On 1 May 1913 Buchenau leased the manor house Niendorf along with the hunting grounds (Gut Weißenrode) from the city of Lübeck, where he resided until his death. In 1920 he acquired the Warleberg estate in Neuwittenbek, which is still managed by his descendants to this day.

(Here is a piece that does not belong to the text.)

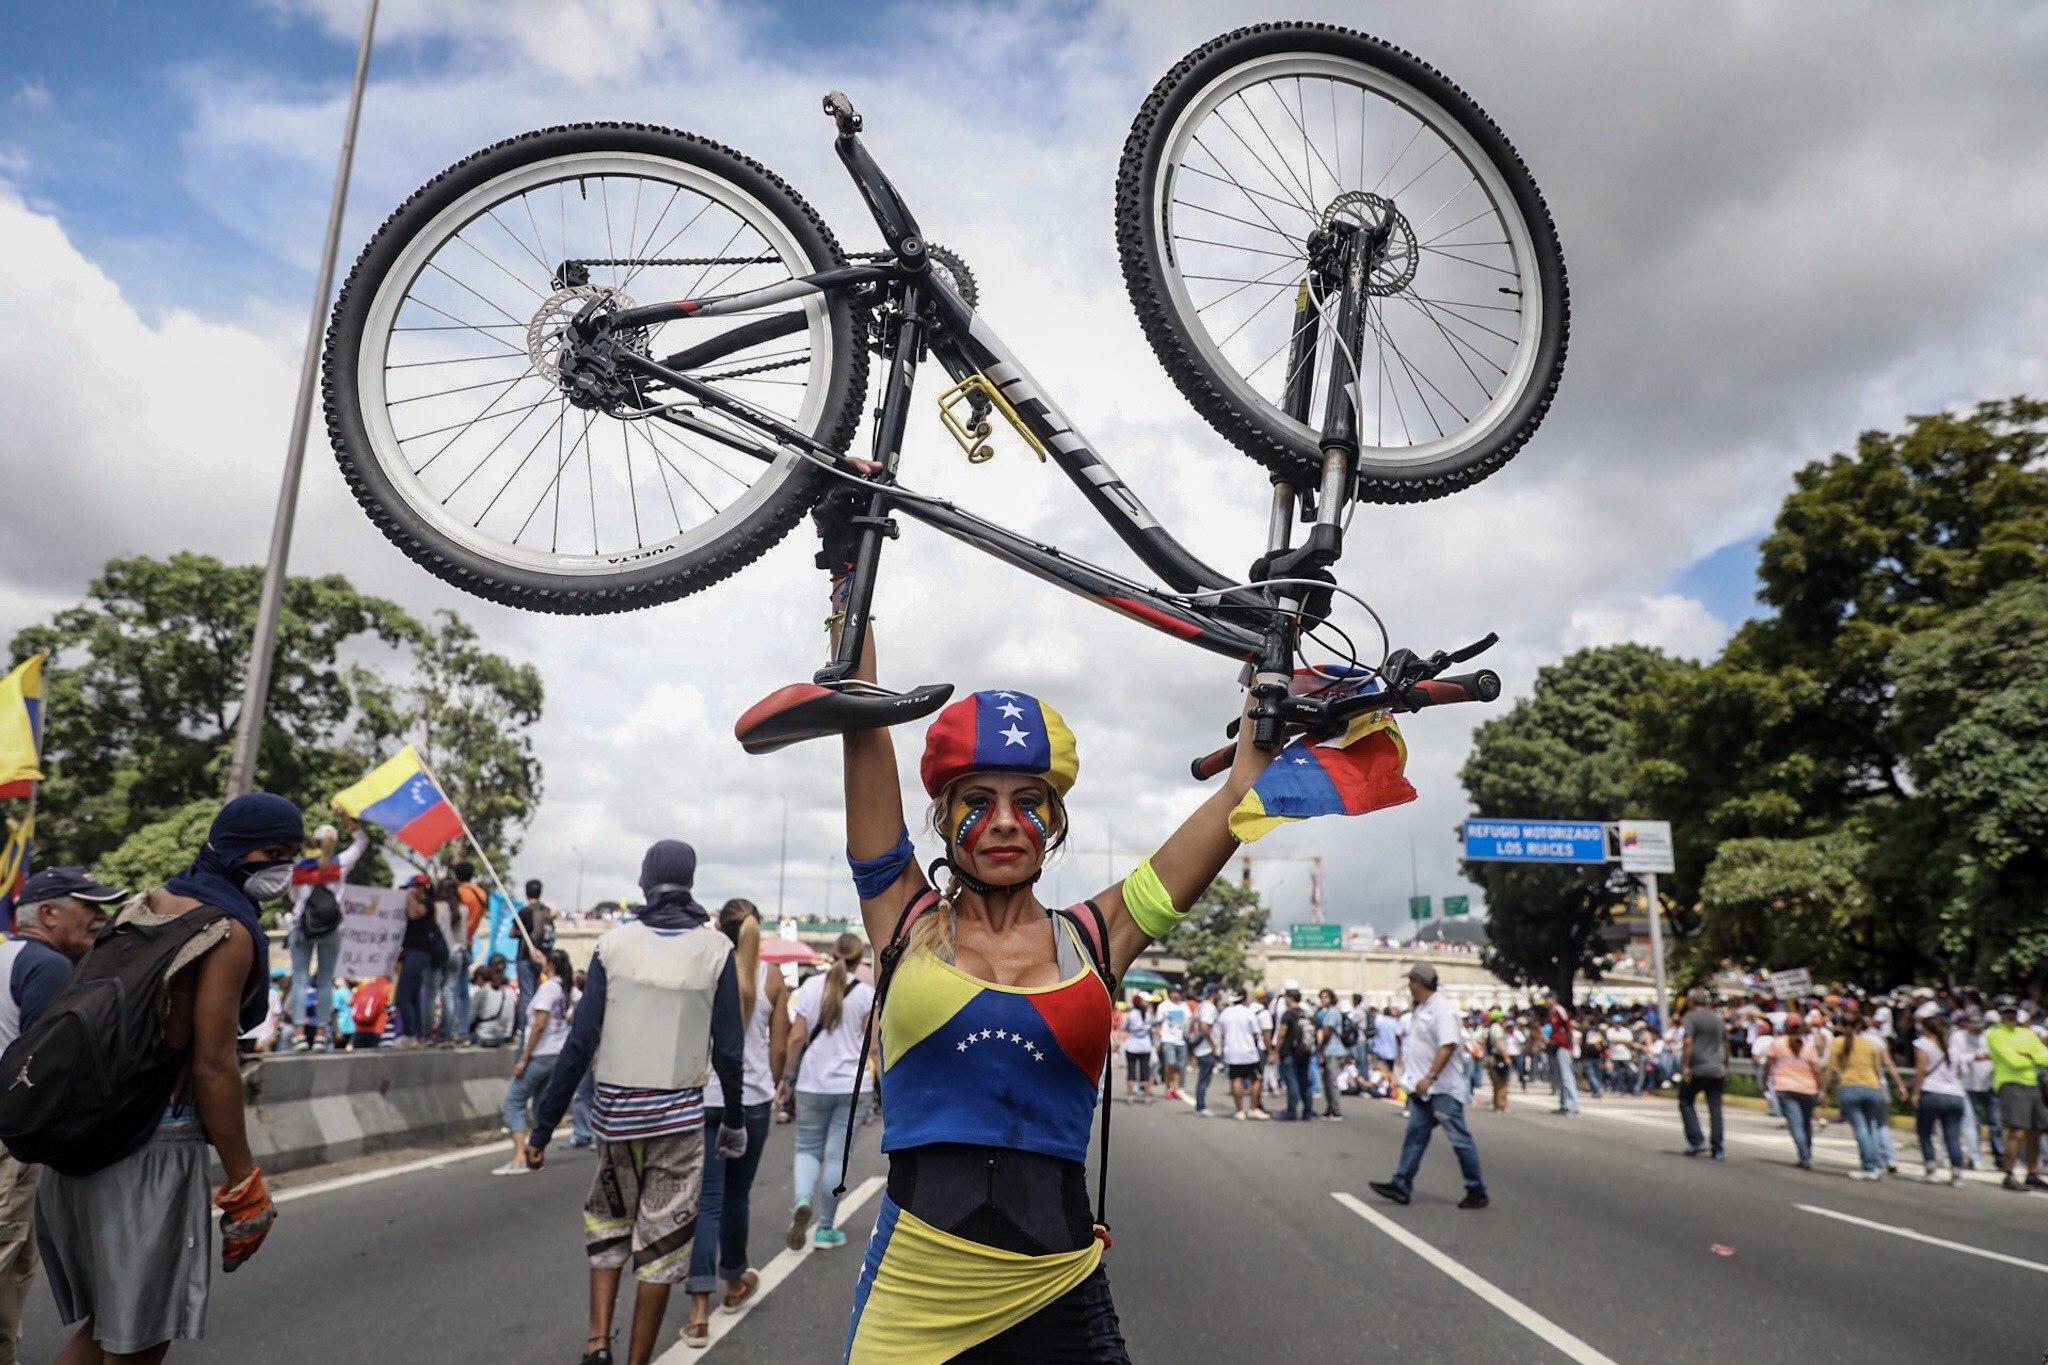 CAR14. CARACAS (VENEZUELA), 01/07/2017.- Manifestantes opositores participan en una marcha hoy, sábado 1 de julio de 2017, en Caracas (Venezuela). La oposición venezolana realiza hoy una concentración en Caracas como protesta contra la solicitud de antejuicio de mérito contra la fiscal de ese país, Luisa Ortega Díaz, que el Tribunal Supremo de Justicia (TSJ) admitió el pasado 20 de junio y con lo que la funcionaria podría ser enjuiciada. La coalición opositora Mesa de la Unidad Democrática (MUD) invitó a las personas a concentrarse en el este de Caracas, específicamente en la autopista Francisco Fajardo, principal arteria vial de la capital, a la altura de Los Ruices. EFE/Miguel Gutiérrez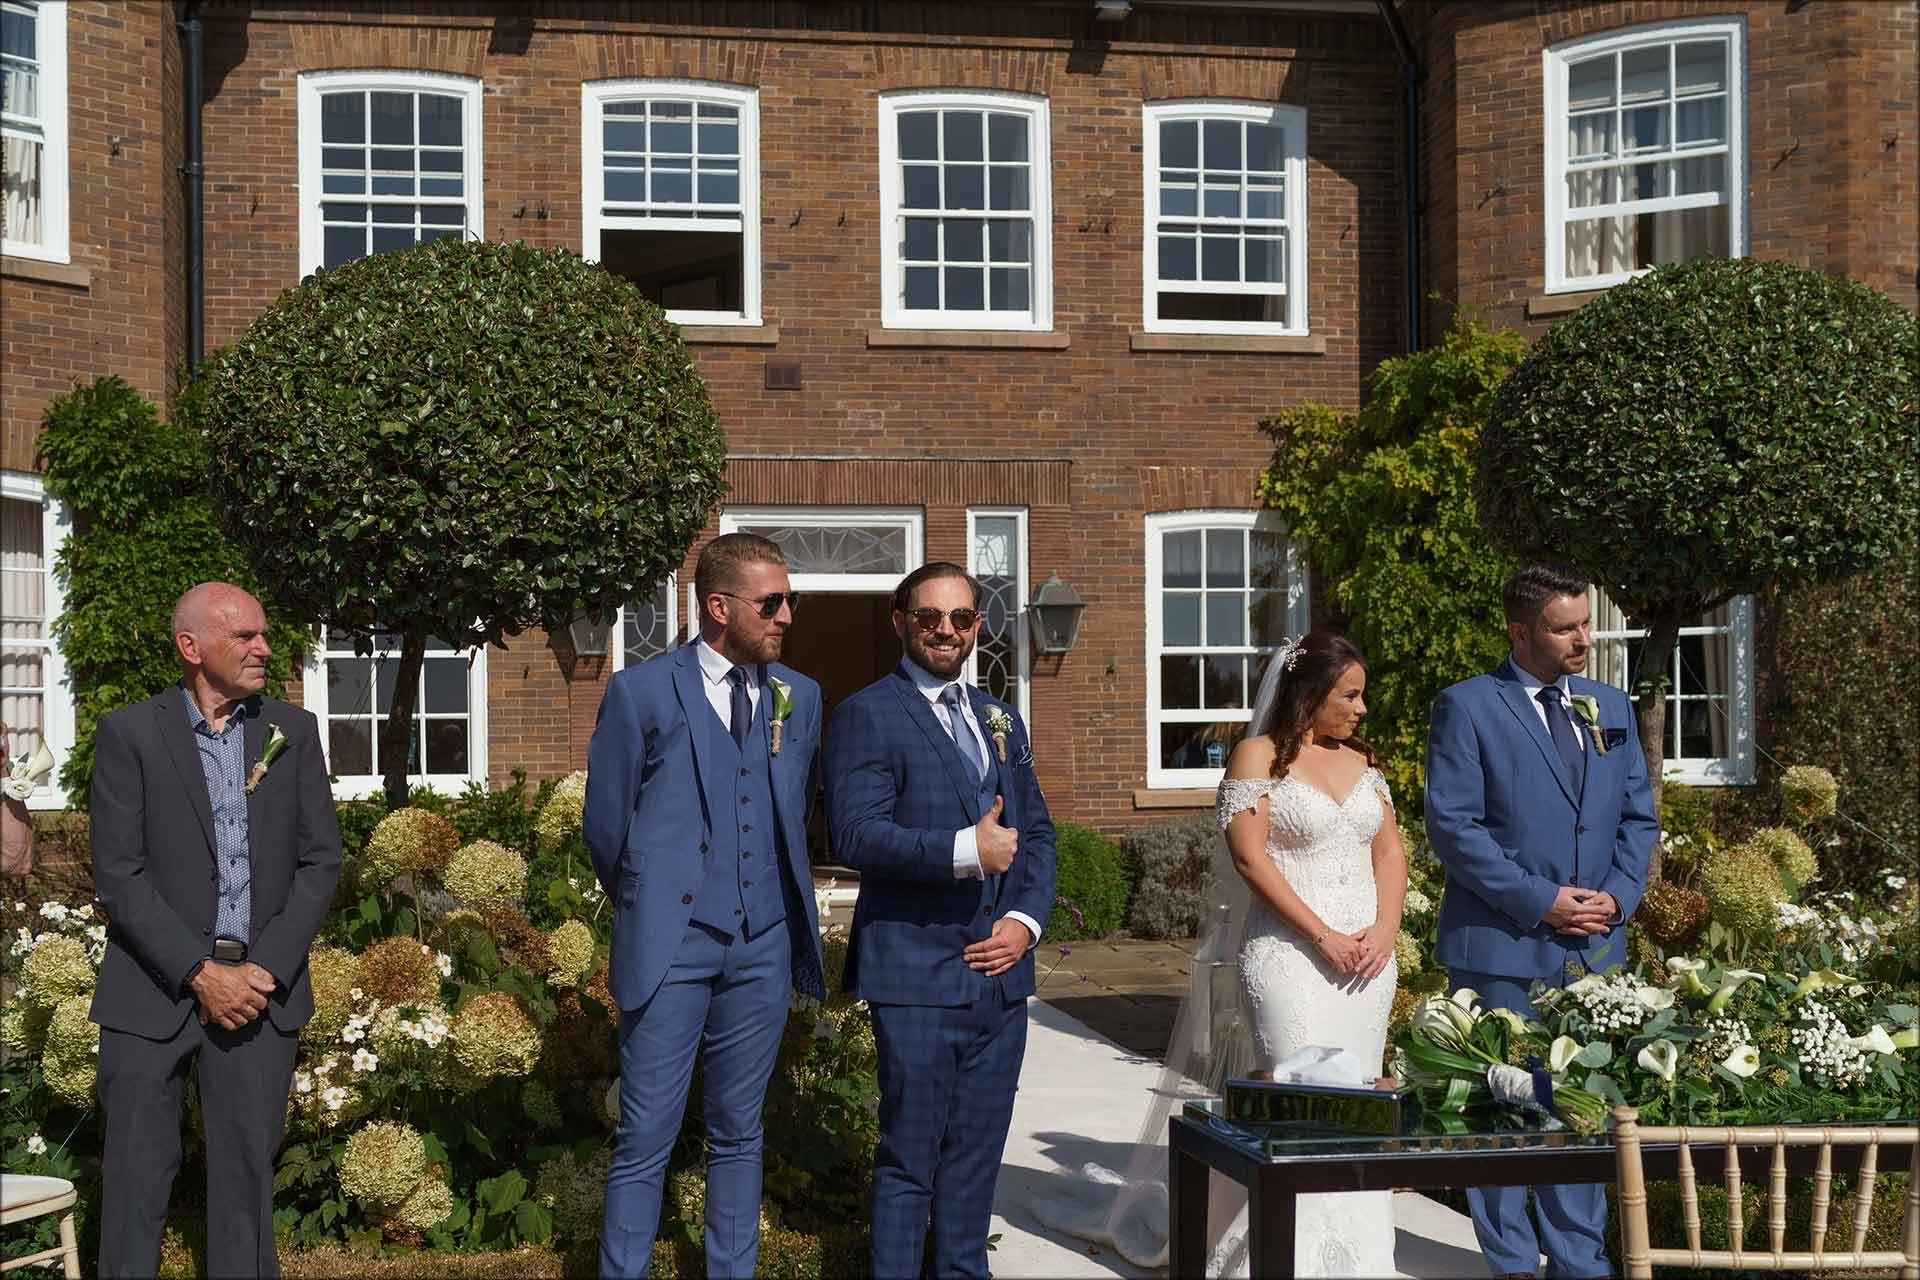 outdoor Delamere Manor wedding ceremony

The couple's guests at Niendorf included the conductor and composer Hermann Hans Wetzler, who completed his Symphonic Fantasy for Orchestra, Op. 10 here in 1922, gave it the title Weissenrode and dedicated it to Anna and Siegfried Buchenau.

== Art Collection ==
Buchenau was an important art collector and patron. He was one of the founders of the Overbeck Society by Karl Schaefer in 1918. The cultural critic Abram B. Enns emphasizes that there were two qualified private collectors in Lübeck who made it possible for museum director Carl Georg Heise to acquire modern art in Lübeck in the 1920s until his dismissal in 1933: Max Linde and Siegfried Buchenau.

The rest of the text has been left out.